Invisible Beasts' publisher, Bellevue Literary Press, dedicates itself to books at the intersection of art and science, and it's in the descriptions of the invisible beasts, like the Parfumier Bees and the Pluricorn, that the affinity between the two seemingly disparate fields is revealed most clearly. Storytelling remains the only access to those real, visible species, now extinct, like the dire-wolves and the ground sloths that shared the Parfumier Bees' cave, or to the many living species most humans will never directly encounter, whether Rotifers or Chinese water deer, whose tusks the Pluricorn shares.

And it's through this affinity between storytelling and evolutionary biology that the book's urgency comes through. While the interlinked entries are packed with fanciful, beautiful, often humorous descriptions of invisible animals, the book's implicit argument is that all animals are invisible until humans recognize them, and so recognize their own dependence on a diversity of species, even those that seem invisible to most of us.


The stories Sophie tells imagine the animals' evolutionary path. The Fine Print Rotifer, included, punnily, under a section headed Invisible Beasts in Print, not because, like the other animals included in this section, this rotifer exists only in written records, but because it literally lives in, and on, print:

We are talking optimal foraging theory, which applies to all animal foraging, including your own shopping route. … And where do FPRs find their tasty ink molecules? In letters and words. So they develop foraging routes in the shapes of letters and words.


Fine Print Rotifers, in Muir's account, are responsible for the impenetrability of fine print because they subsist on the fine print of contracts, insurance policies, and mortgages.
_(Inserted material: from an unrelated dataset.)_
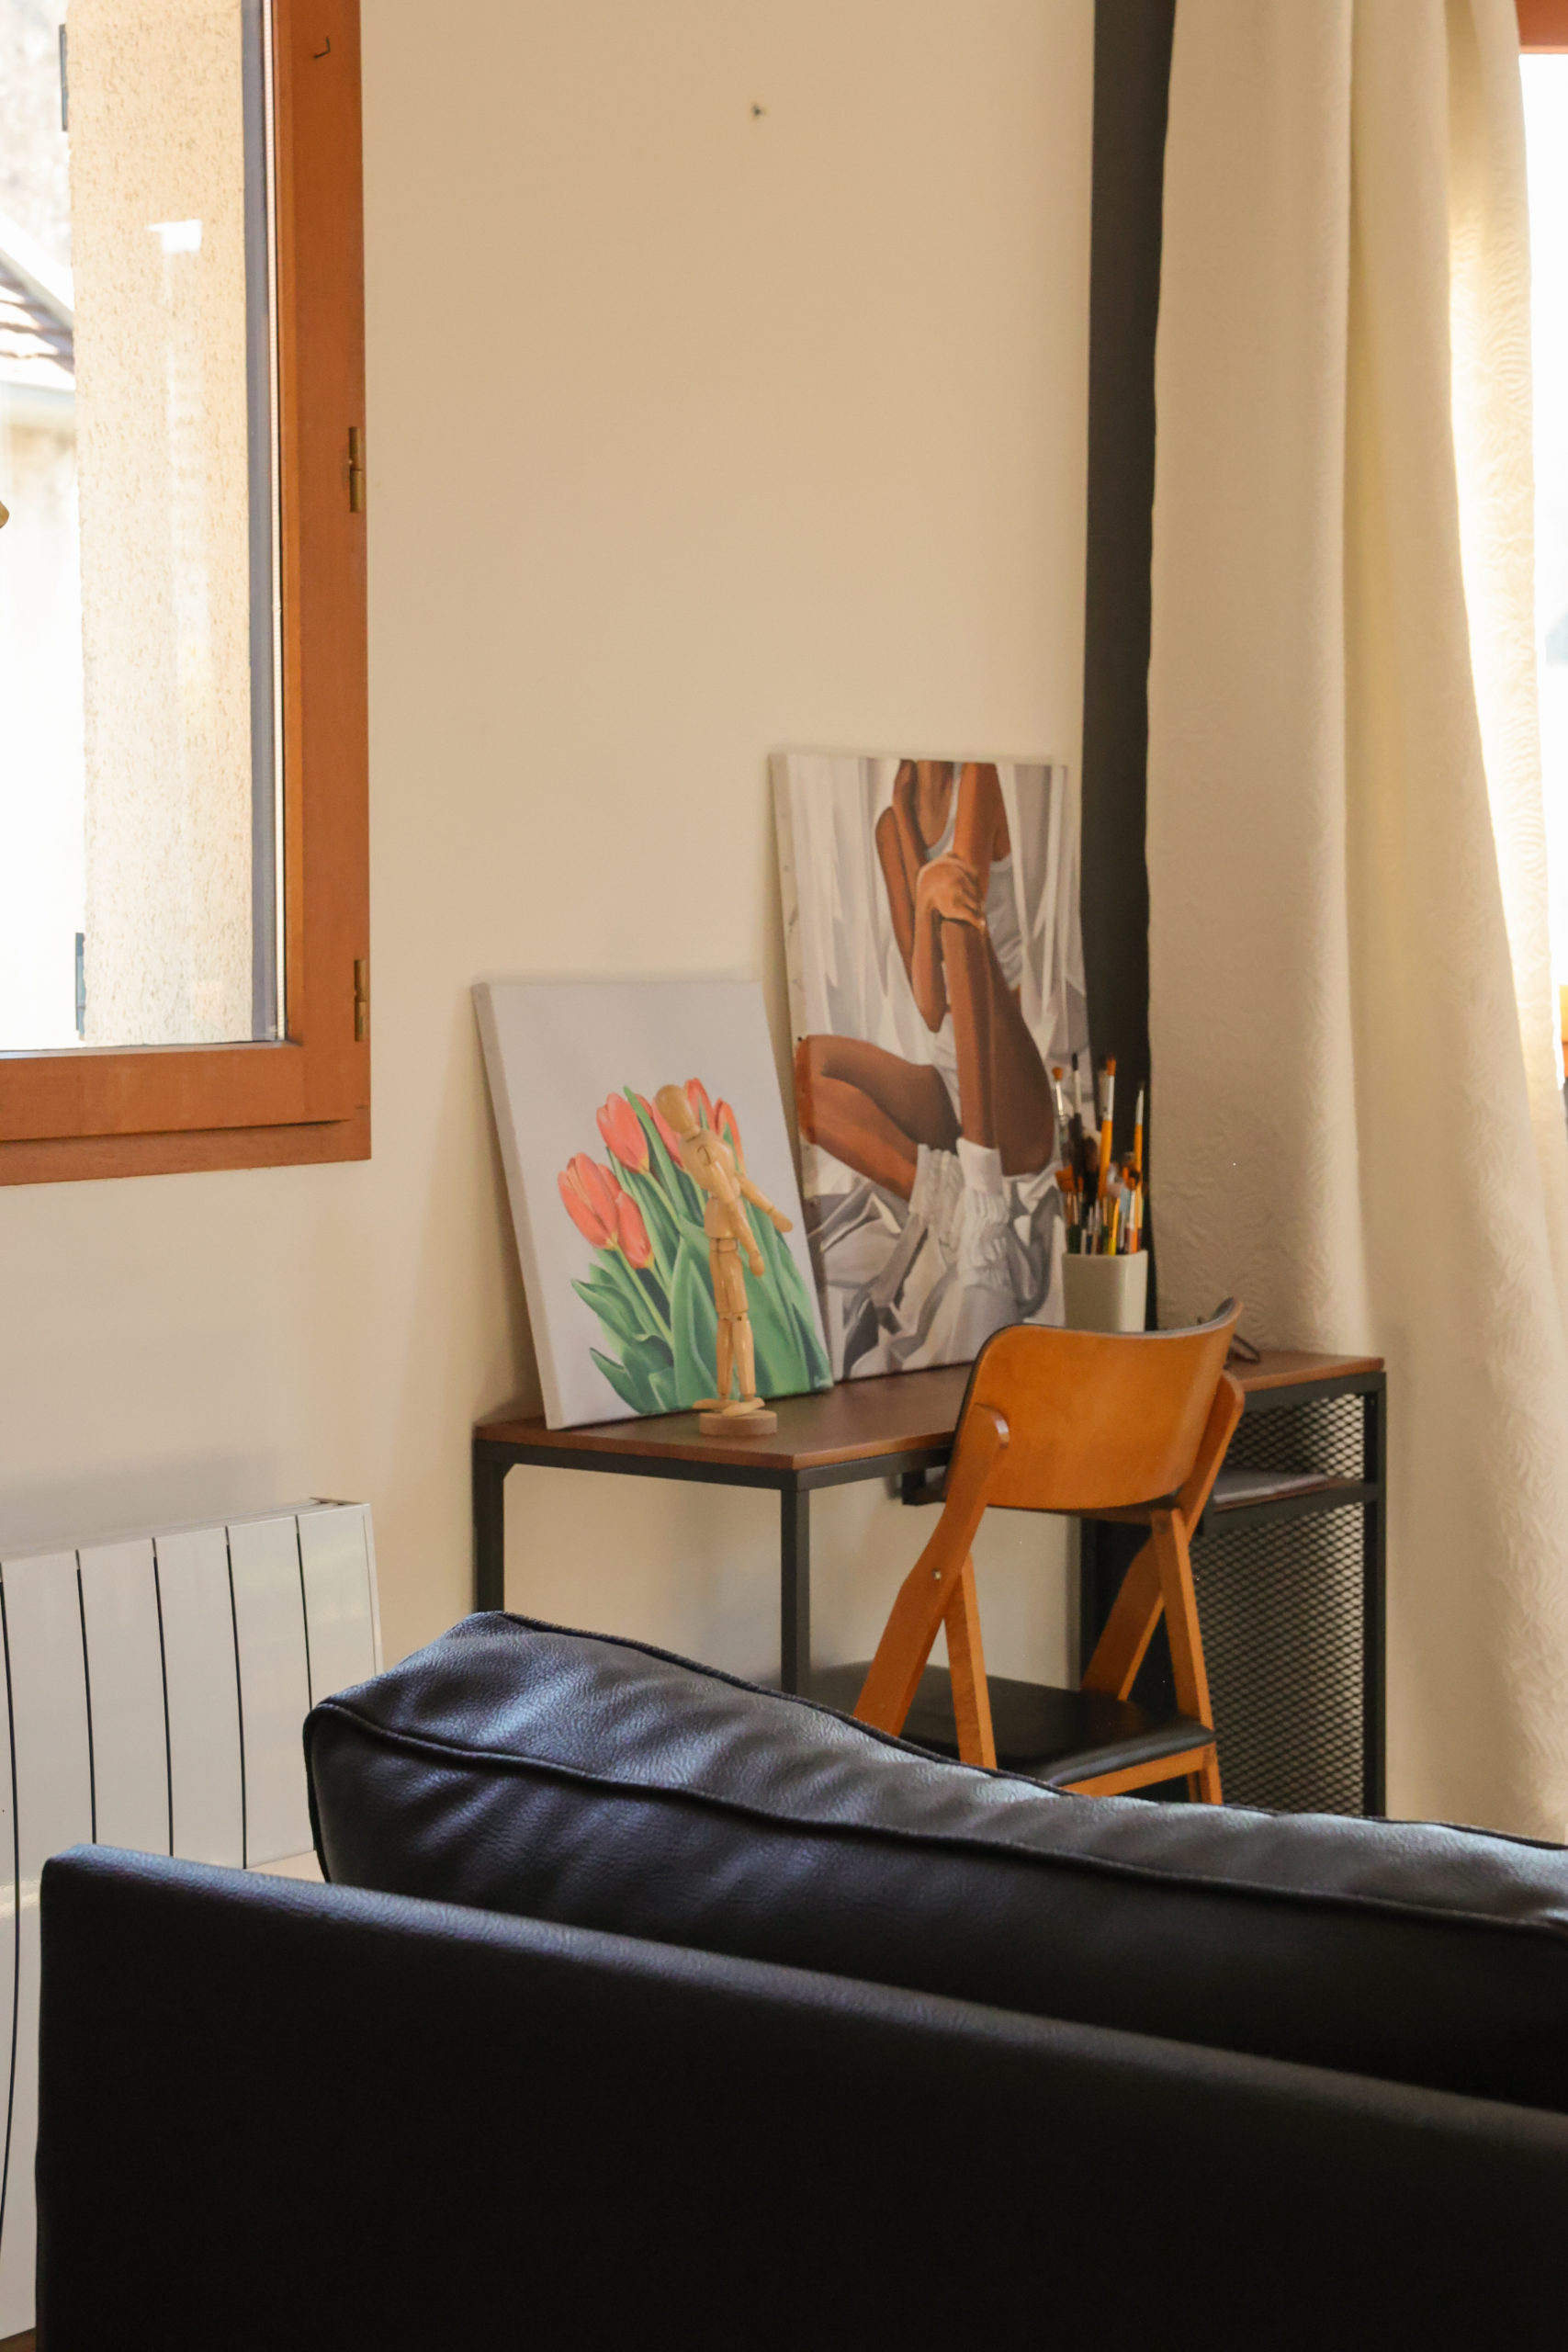 2 peintures de Morgane Clavaud sont posées sur son bureau dans son salon

Despite the passion Muir has for her subjects and the stories of their evolution—"Who could not love a process that refined raw accidents into rare advantages?" Sophie asks—this book is neither didactic nor preachy, and Muir never lets the catalog structure make the narrative repetitive or plodding. Her storytelling is both funny and tender. In the section in which Sophie discovers a previously-unknown invisible species, the Hypnogator, Muir combines includes both danger and romance.
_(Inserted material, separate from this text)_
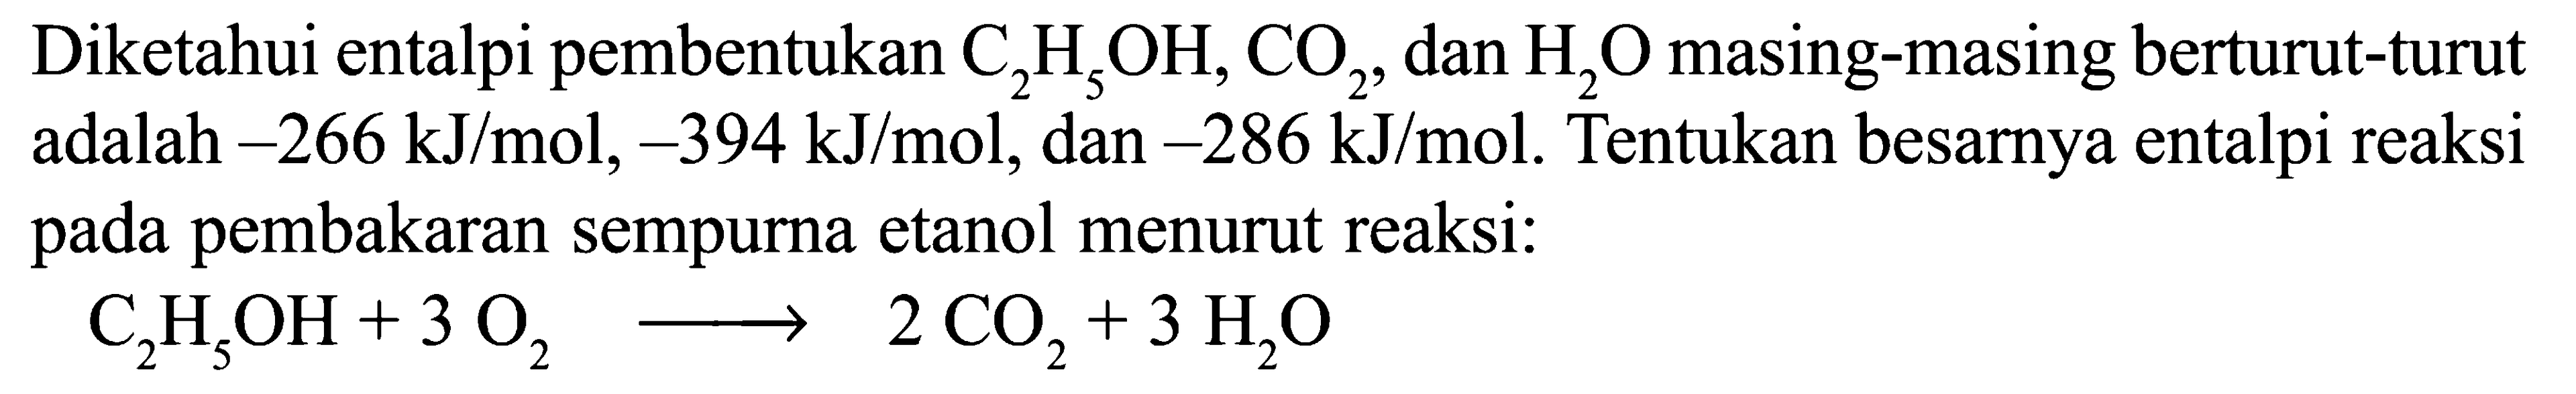 Diketahui entalpi pembentukan C2H5OH, CO2, dan H2O masing-masing berturut-turut adalah -266 kJ/mol, -394 kJ/mol, dan -286 kJ/mol. Tentukan besarnya entalpi reaksi pada pembakaran sempurna etanol menurut reaksi: C2H5OH + 3 O2 -> 2 CO2 + 3 H2O

On trip to a Georgia sea island, Sophie discovers an invisible species she has never encountered. But its invisibility does not make the Hypnogator any more friendly than its visible counterparts:

the cold, ugly, glowing stones appeared. They blinked, left, left, right. I couldn't stop my mind from following their code, the code to confusion. I remembered that I'd locked onto Leif's kicking body, but a mental mist—like the one when you're about to black out—had kept me from knowing, except in glimpses, if I was still holding on.
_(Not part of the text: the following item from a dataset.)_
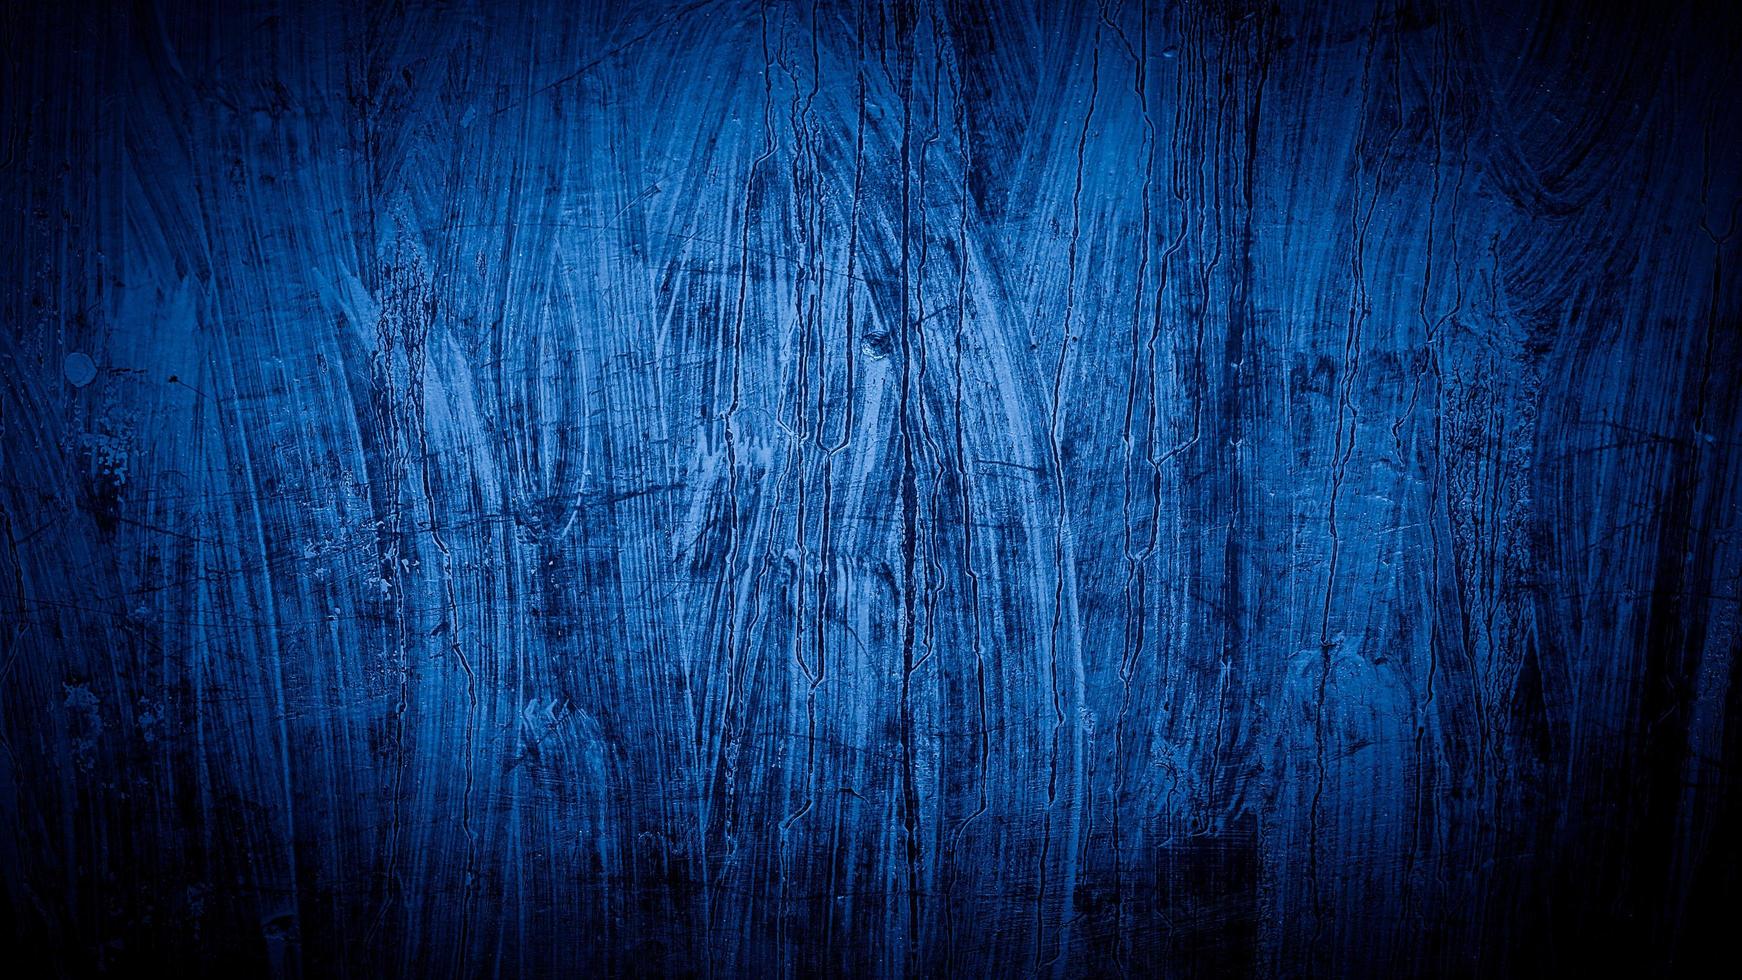 grunge achtergrond van blauwe muur kleur foto

The Hypnogator, like its visible brethren, is terrifying, and dangerous. There is, here, no excessive sentimentality about animals—whether visible or not. Rather, the attention to detail that our naturalist/narrator brings to her observations of beasts only she can see, also serves the narrative, developing characters and relationships that are flawed, poignant, beguiling.

This inventory of fantastical beasts allows Muir to tell a story at the level of the human, but also all of humanity. We don't, Invisible Beasts argues, have to be able to see animals to value them. Beasts exert profound influences on the way humans live, both in individual relationships and in our relationship to the world. And beasts, a category used here in all its expansiveness, includes everything from the human to the microbe. This book is a wondrous testament to those relationships, interdependencies, and affinities. Invisible Beasts makes the bestiary a document of profoundly human dimensions, and offers to all readers, whether devotees of science or of fantasy, very real pleasures.